The meanest matchup by this measure: Auburn-Georgia. The Deep South’s oldest rivalry, which began in 1892, has averaged 5.4 behavior-related penalties per game the past five years.

Need a WordPress cheat sheet? “Every tag you ever wanted to mess with is in here, and you have a great flow sheet to follow when you create new themes.”

Seems thorough to me.

Best story you’ll read today:

A devoted Iowa couple married for 72 years died holding hands in the hospital last week, exactly one hour apart.

The passing reflected the nature of their marriage, where, “As a rule, everything was done together,” said the couple’s daughter Donna Sheets, 71.

Gordon Yeager, 94, and his wife Norma, 90, left their small town of State Center, Iowa, on Wednesday to go into town, but never made it.

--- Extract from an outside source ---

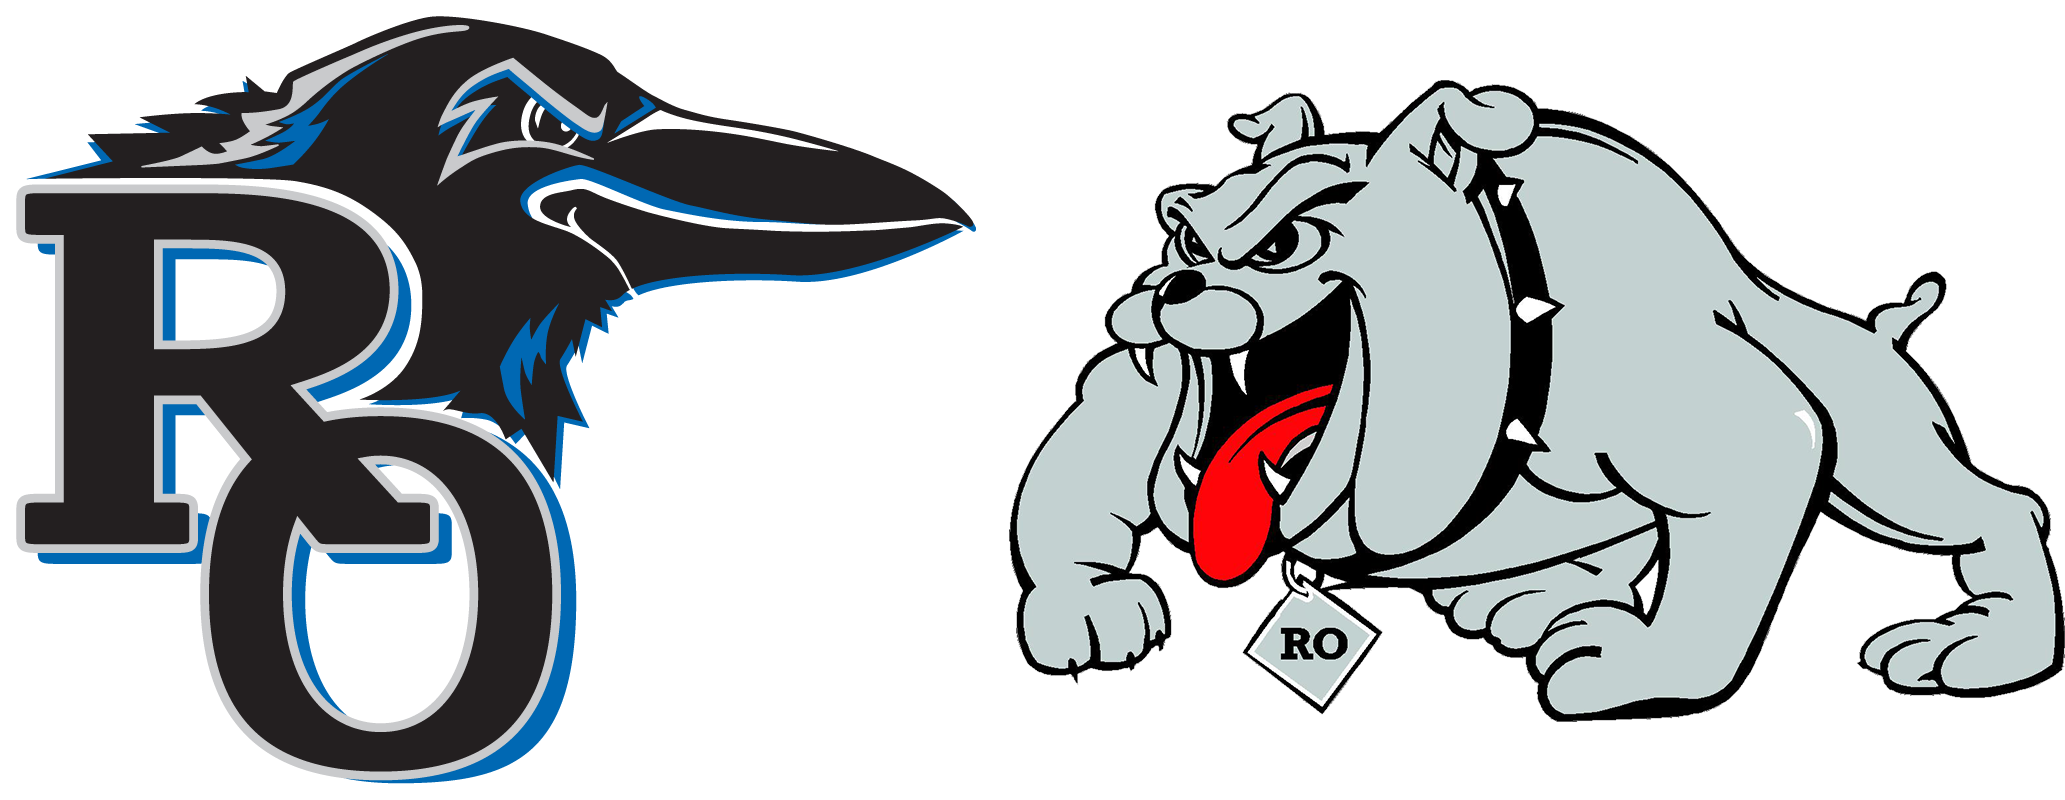 Baltimore Ravens - Royal Oak High School Logo (2167x873), Png Download

A car accident sent the couple to the emergency room and intensive care unit with broken bones and other injuries. But, even in the hospital, their concerns were each other.

“She was saying her chest hurt and what’s wrong with Dad? Even laying there like that, she was worried about Dad,” said the couple’s son, Dennis Yeager, 52. “And his back was hurting and he was asking about Mom.”

When it became clear that their conditions were not improving, the couple was moved into a room together in beds side-by-side where they could hold hands.

“They joined hands; his right hand, her left hand,” Sheets said.